Yes. But -fit doesnt supercede or replace -ncmoe nor -ot. That's my point. What -fit does and -ncome/-ot do are functionally different.

[-]

tylerhardin@reddit

https://grok.com/share/bGVnYWN5LWNvcHk_7989596b-f702-42e7-af82-2355fc1fba55

That's exactly what it does do. That's the whole point. It's solving the optimization problem algorithmically.

[-]

siegevjorn@reddit

Sigh. Referencing to AI without verifying? Can't be serious, people.

[-]

tylerhardin@reddit

I use it. I'm not doing research into something I'm actively using successfully. Better things to do. You could use it too and save yourself some time. Or not, makes no difference to me.

[-]

siegevjorn@reddit

Actually, it makes a lot of difference. Because I'm speaking from experience. If you don't have time to verify yourself, why argue?

[-]

tylerhardin@reddit

Decided to find it for you. You're welcome.

See common/fit.cpp:

    // step 3: iteratively fill the back to front with "dense" layers
    //   - for a dense model simply fill full layers, giving each device a contiguous slice of the model
    //   - for a MoE model, same as dense model but with all MoE tensors in system memory

    // utility function that returns a static C string matching the tensors for a specific layer index and layer fraction:
    auto get_overflow_pattern = [&](const size_t il, const common_layer_fraction_t lf) -> const char * {
        constexpr size_t n_strings = 1000;
        if (il >= n_strings) {
            throw std::runtime_error("at most " + std::to_string(n_strings) + " model layers are supported");
        }
        switch (lf) {
            case LAYER_FRACTION_ATTN: {
                static std::array<std::string, n_strings> patterns;
                if (patterns[il].empty()) {
                    patterns[il] = "blk\\." + std::to_string(il) + "\\.ffn_(gate|up|gate_up|down).*";
                }
                return patterns[il].c_str();
            }
            case LAYER_FRACTION_UP: {
                static std::array<std::string, n_strings> patterns;
                if (patterns[il].empty()) {
                    patterns[il] = "blk\\." + std::to_string(il) + "\\.ffn_(gate|gate_up|down).*";
                }
                return patterns[il].c_str();
            }
            case LAYER_FRACTION_GATE: {
                static std::array<std::string, n_strings> patterns;
                if (patterns[il].empty()) {
                    patterns[il] = "blk\\." + std::to_string(il) + "\\.ffn_down.*";
                }
                return patterns[il].c_str();
            }
            case LAYER_FRACTION_MOE: {
                static std::array<std::string, n_strings> patterns;
                if (patterns[il].empty()) {
                    patterns[il] = "blk\\." + std::to_string(il) + "\\.ffn_(up|down|gate_up|gate)_(ch|)exps";
                }
                return patterns[il].c_str();
            }
            default:
                GGML_ABORT("fatal error");
        }
    };

[-]

siegevjorn@reddit

Ok, thanks. I see your point now.

You're right about that -fitdoes do some optimization for moes. For instance, -fit does keep all the active weights to GPU.

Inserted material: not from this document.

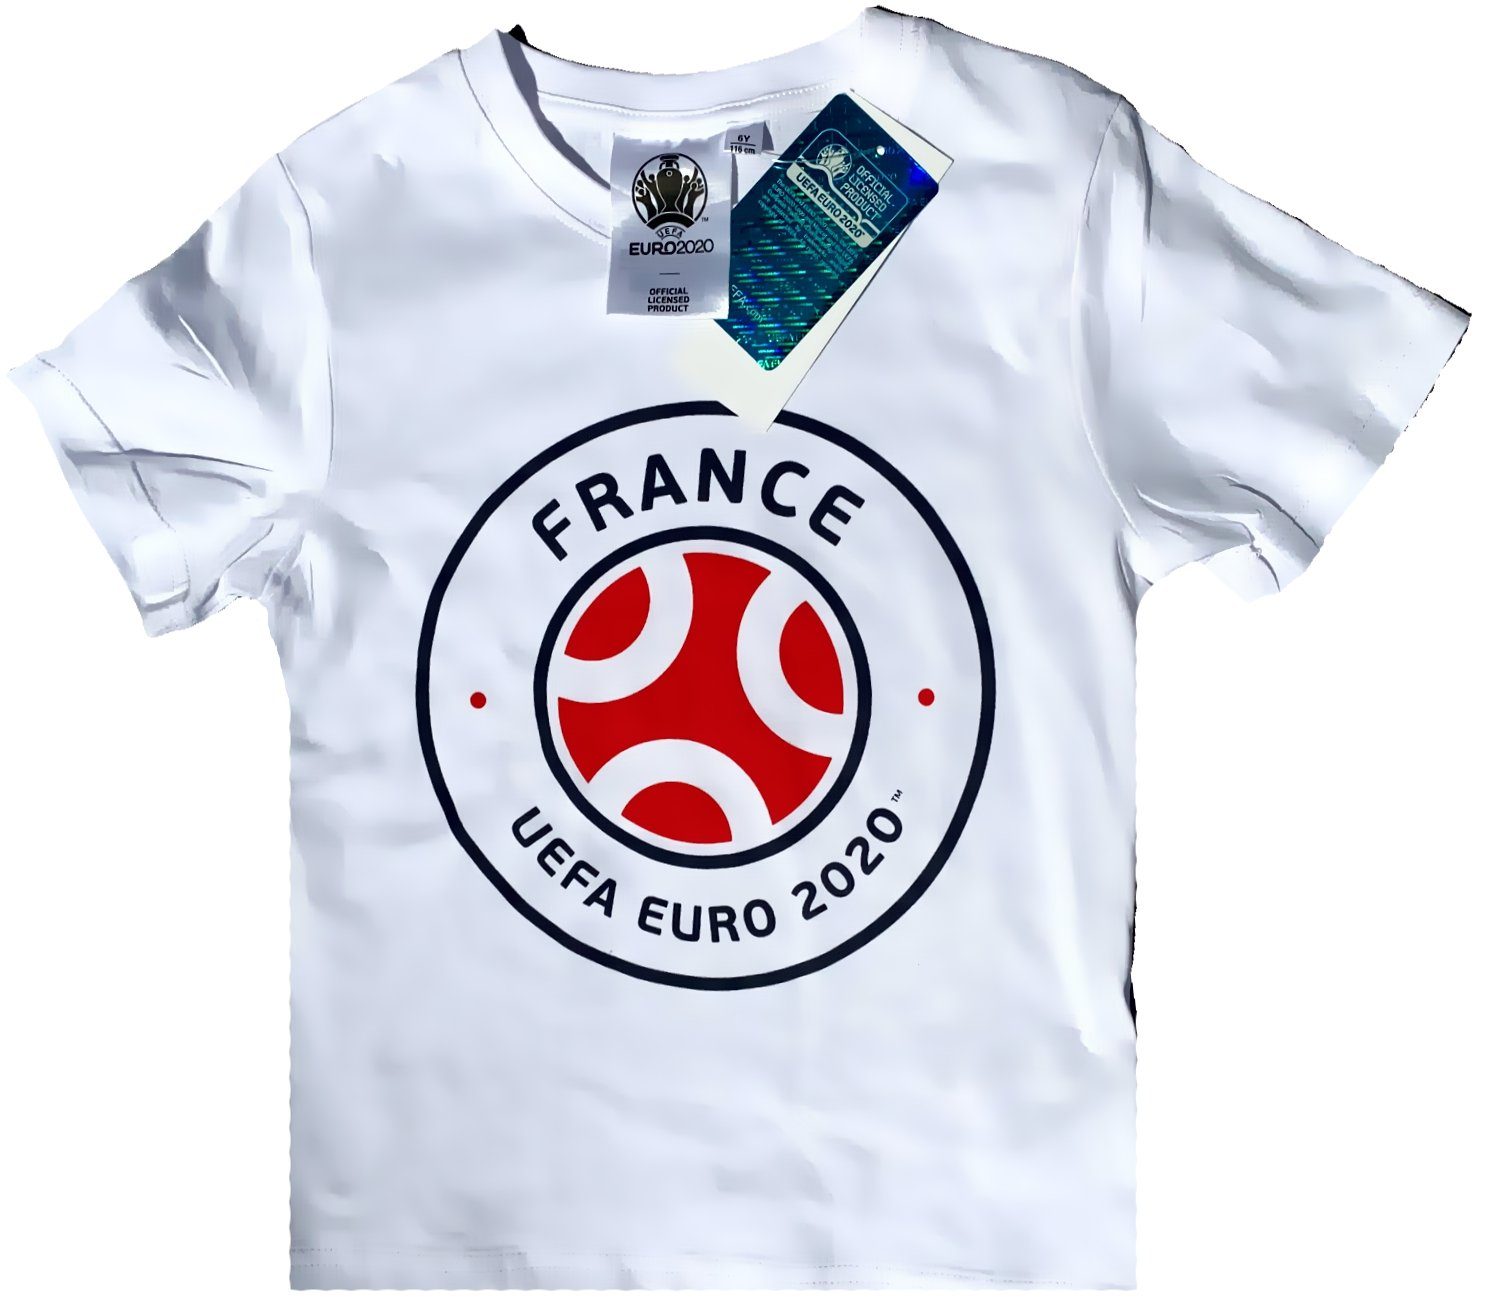 Türkei EM 2020 Fanartikel Fußball Fan Fanshirt Kinder Jungen T-Shirt Trikot

But what it doesn't also matters for speed. For instance, all the attention weights, kv cache. If those are left on CPU, that's a performance hit—and -ot allows to load all those weights onto GPU, so is better optimization for speed.

I assume you've got a dual symmetric GPU system. In dual GPU system, performance difference between -fit and -ot may be minor. But when you have a single fast GPU, the advantage of -ot become much significant.

[-]

tylerhardin@reddit

I'm running exactly the type of system you are, actually -- GLM 5.1 on a single RTX 6000 and an Epyc. It works as well for me as the tool I wrote before (better actually). The reason it tags different layer types in the code is that there's a priority hierarchy. It puts the most important layers (for speed) on gpu, then moves down the hierarchy, packing as many as possible. It tries to do what you've been doing automatically. The biggest issue I've had with it is that sometimes its estimate is wrong and you get a CUDA OOM error, in which case you have to set -fitt higher. It's actually really hard to predict the exact total CUDA allocation needed for inference (my tool was very tedious to debug, hence why I was happy to abandon it).

Have you tried it since we've been chatting? I bet it'll be basically the same.

[-]

siegevjorn@reddit

Oh, I see. Yes, i understand. Using -ot could be really painful with oom.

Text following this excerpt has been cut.